» **Data**
--- START ---
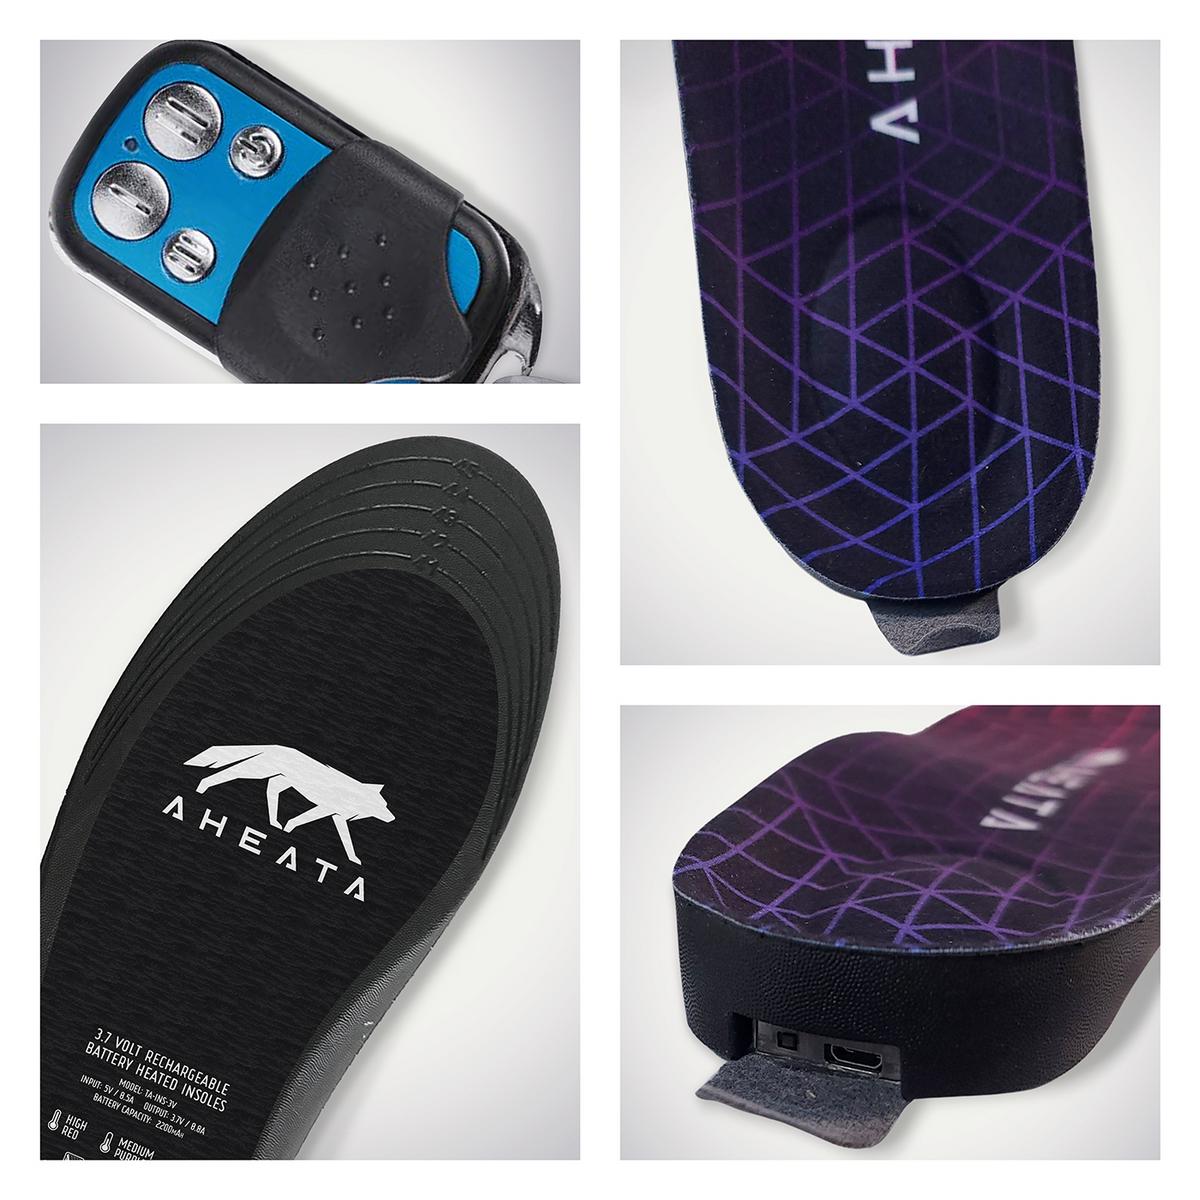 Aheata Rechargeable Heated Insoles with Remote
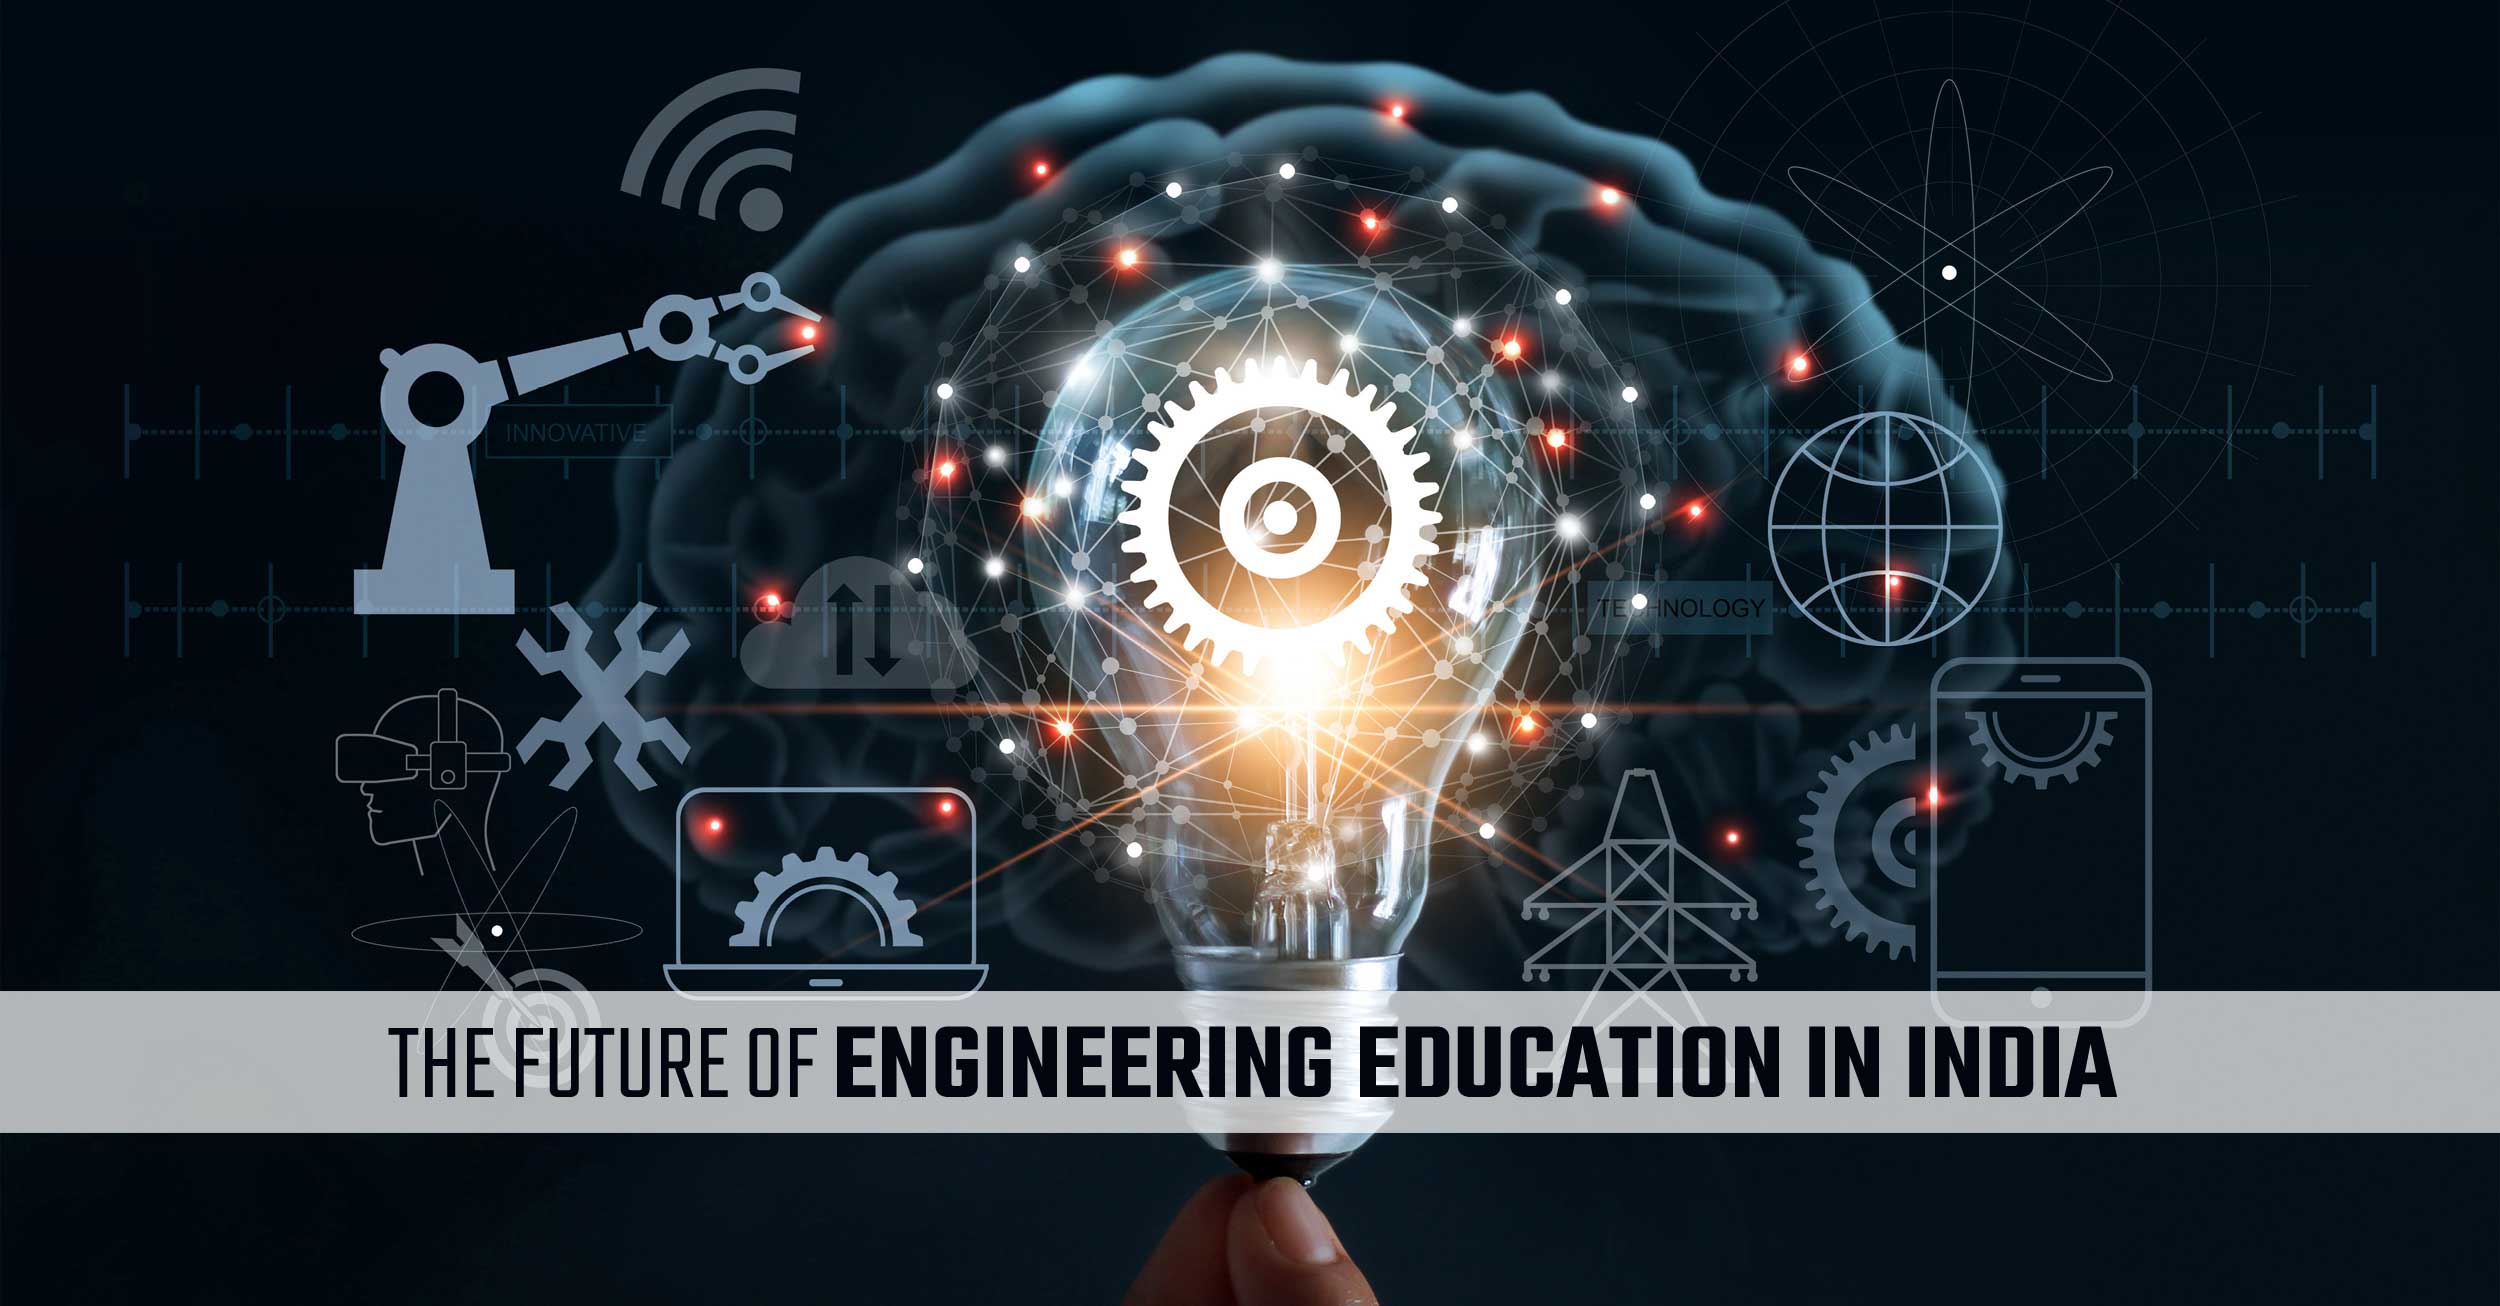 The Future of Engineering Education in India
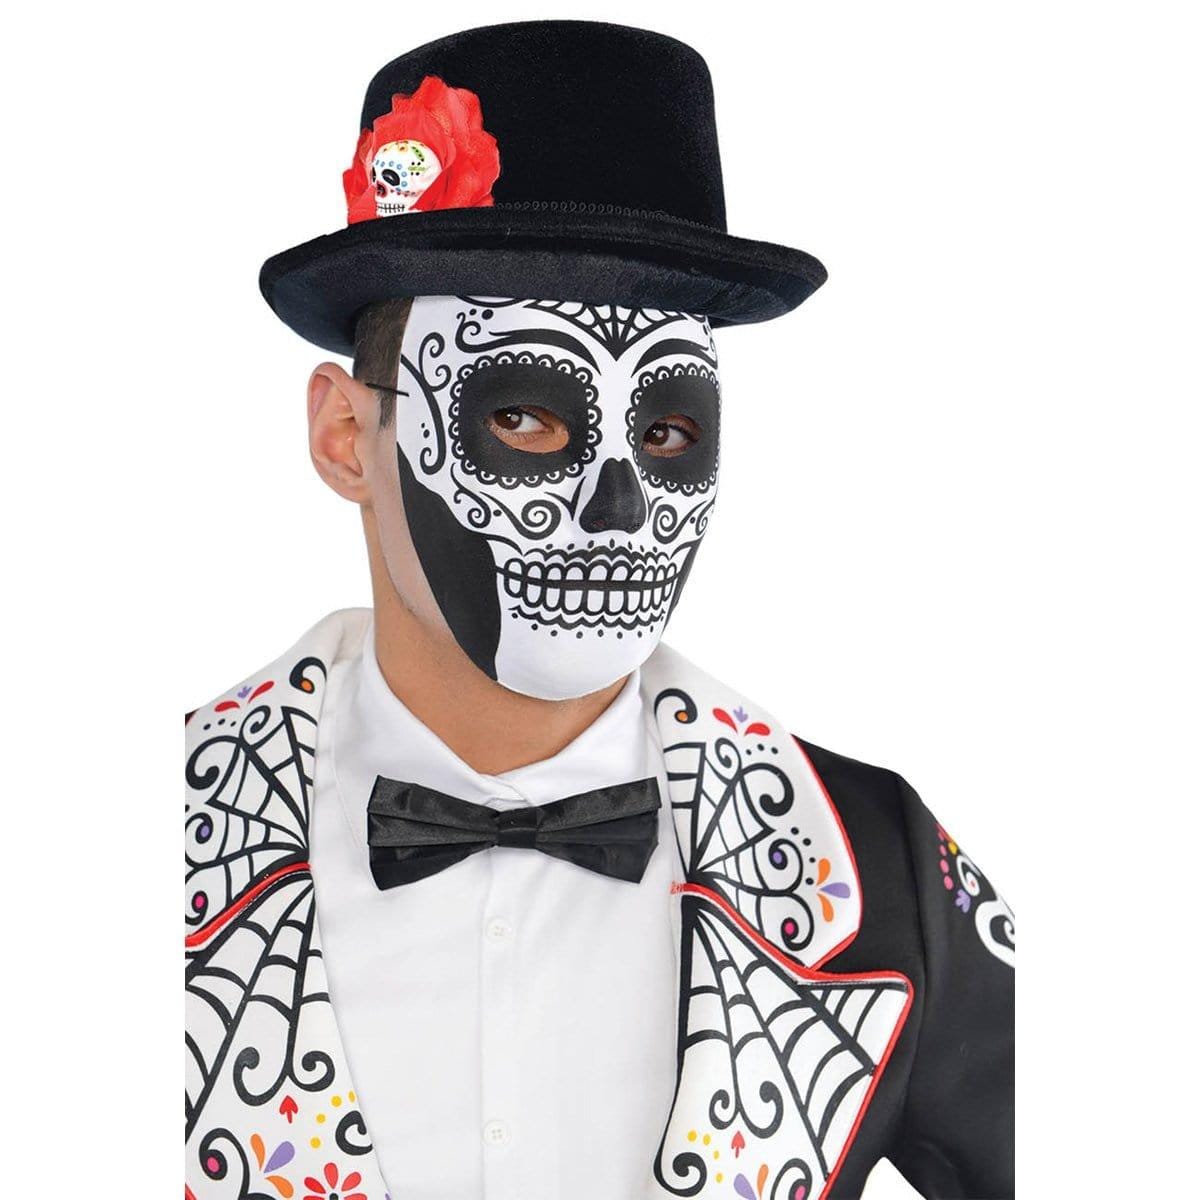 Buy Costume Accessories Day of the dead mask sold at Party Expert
--- END ---
» **Directions**
Copy out every line of the data above, taking care to leave the pictures out.

» **Exercise response**
 Aheata Rechargeable Heated Insoles with Remote
 The Future of Engineering Education in India
 Buy Costume Accessories Day of the dead mask sold at Party Expert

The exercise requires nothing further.